Every once in a while a business book appears that inspires the reader to email friends and colleagues to go out and buy it - this is such a book. Make sure you start reading it at a time when you'll be able to get through the whole thing: it's a “can't put it down” book. Tom Peters comments on the cover “A brilliant, original, rockin', Rock'nRoll model of business management and leadership” and Peters is an apt comparison - this book has all the inspiration of Peters' books without the occasional tendency to bloat.
Peter Cook is a business creativity consultant, and creativity oozes out of this book. We've commented before on business books that are just too long to be practically readable. Cook makes this book sing by using the text on the left hand pages follow a steady flow, while each right hand page is a side comment, an intervention, an expansion - it works superbly well.
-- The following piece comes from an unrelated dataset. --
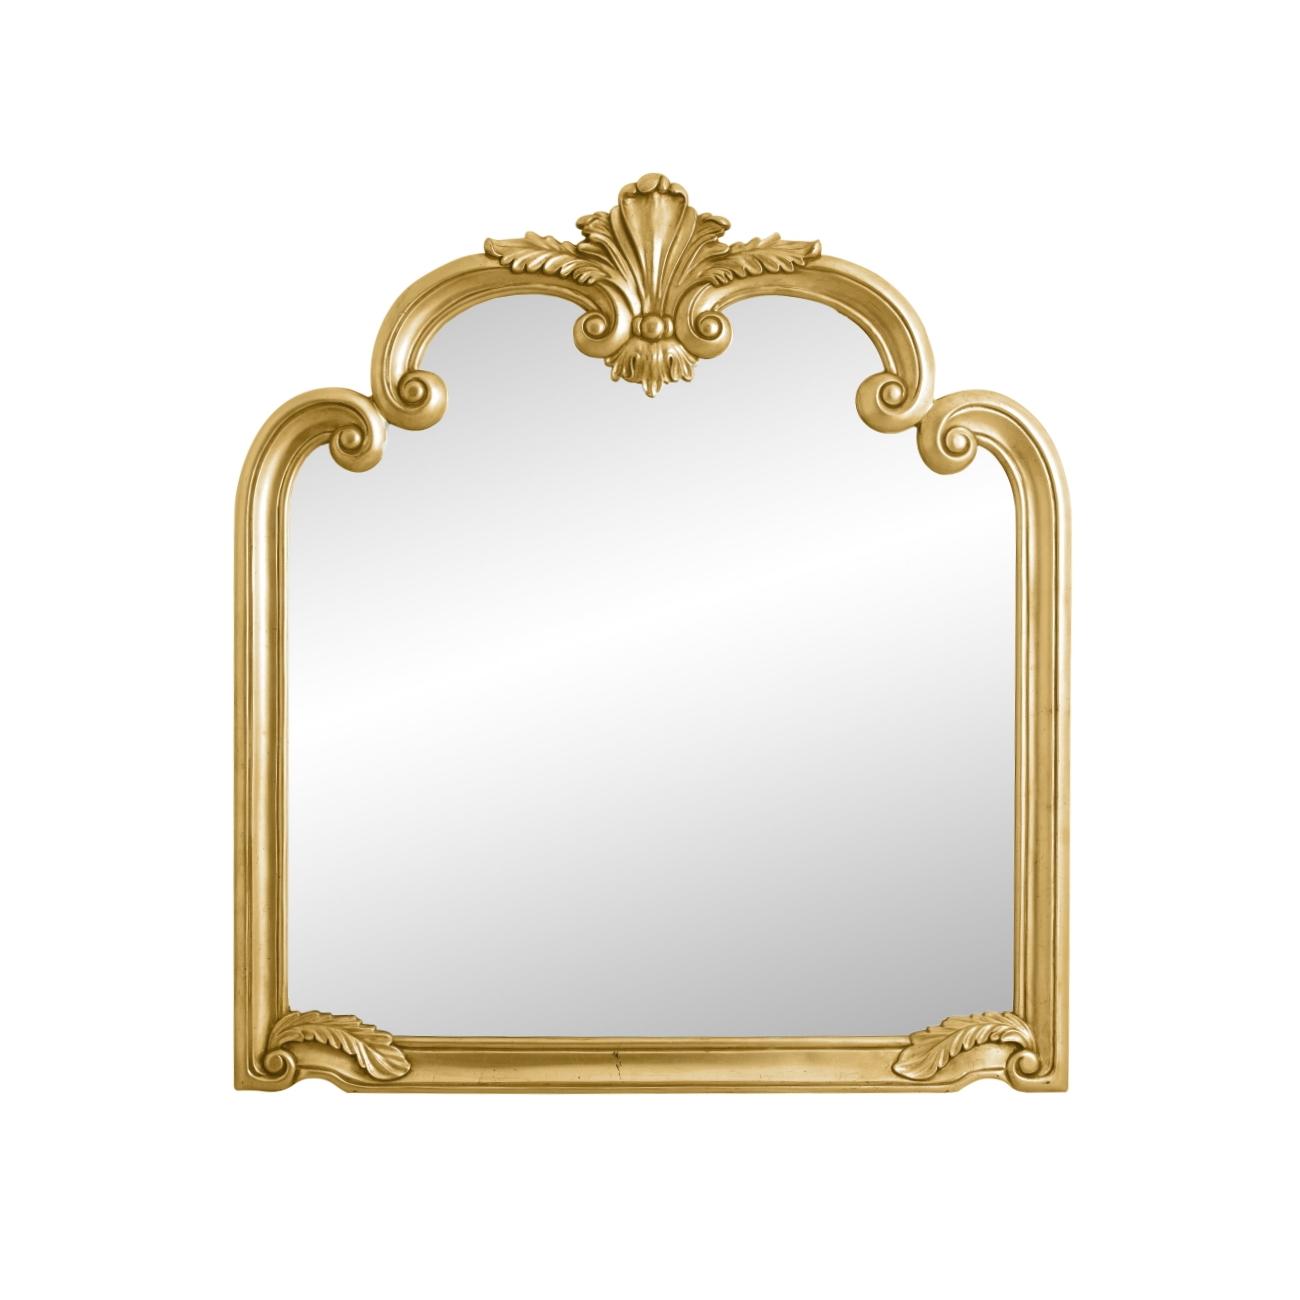 Guldspegel Rokoko 115 cm Nordal

At the heart of the book is the contention that modern leadership has to be more like Rock'n'Roll. Historically we had a more orchestral style of management - clear direction from the top, a detailed score to follow and woe betide the player who strays from the written notes. Now that style will mean doom for an organization. In the past John Kao has suggested jazz as a metaphor for business creativity, but Cook points out that jazz is too sophisticated, too high falutin' for the majority. Rock'n'Roll allows for improvisation, but has more structure and commercial nous - it's a significantly better model, particularly when looking at business leadership.
Perhaps the only aspect of the book that can be criticized is the tendency to use puns based on songs and titles - there's rather too much “as insert name of performer would say” - but that's a minor quibble.
Cook's book isn't a recipe book - it's about setting a direction, not about giving you concrete instructions: “do this, this and this and your leadership will succeed”... but then good leadership can't be like that. If you take the lessons for this book your business is on the road to success. It'll probably be an unconventional road. It'll probably be fun. But hey, you can't have everything.